The Young Team isn’t a book any parent wants their child to be able to write from lived experience. My mother witnessed that journey and descent first-hand. Seeing her son come home covered in blood after being seriously assaulted, collecting me from police stations, attending court and just daily life with someone who is substance dependent is very challenging. Without her support, I’d have left home at sixteen and dropped out of education. My fate would have been predictable. You can’t undo the past, but I hope that my journey in gaining both bachelor’s and master’s degrees, living substance and alcohol free and the writing of this novel are atonement. She is absolutely the ‘unsung hero’. I stand by these words – she never gave up on me or accepted the life I had chosen for myself. 

You acknowledge Trainspotting as an influence for Azzy, and presumably for yourself. What else inspired you?
Ken Loach’s Sweet Sixteen. I recently spoke to Martin Compston which was really exciting as he was one of my boyhood idols. That was the first time we saw our lives reflected on screen and seeing the emblems like a blue Berghaus Mera Peak really spoke to us. When I started to write this, Sweet Sixteen was a film I really thought about.

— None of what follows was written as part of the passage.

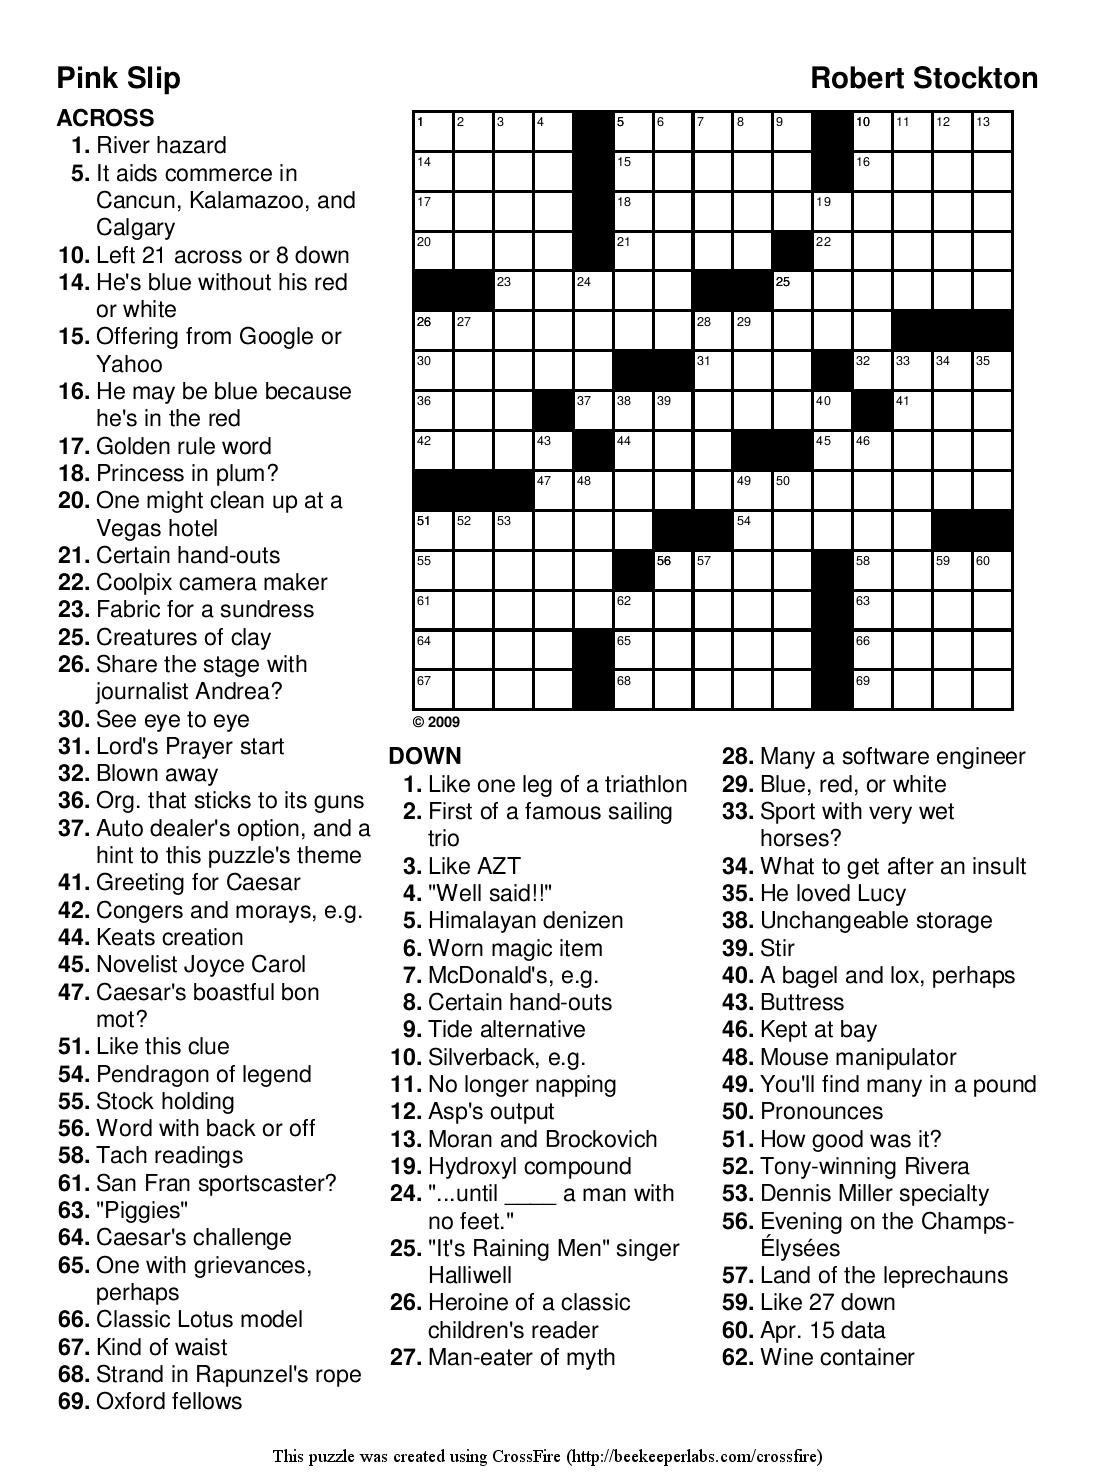 Easy Printable Crossword Puzzels - Infocap Ltd. - Printable Esl Crossword Puzzles

What have you been working on this year?
I’ve had the summer off to focus on writing but I’m returning to work. I’ve supported myself for these last seven years by working in the motor-sales. It’s long hours and demanding but I’m convinced there’s a novel in there somewhere! My next fiction offering, Raveheart is based around rave culture – definitely more Kevin and Perry Go Large in tone than something like Beats. Following this is the true story of my experiences in gangs in memoir. The working title is To Live and Die in LA-narkshire. This is a different enterprise from The Young Team. It’s challenging and darker, I think. Real life is often more unbelievable. Long term, I would love to return to university and take my PhD in English.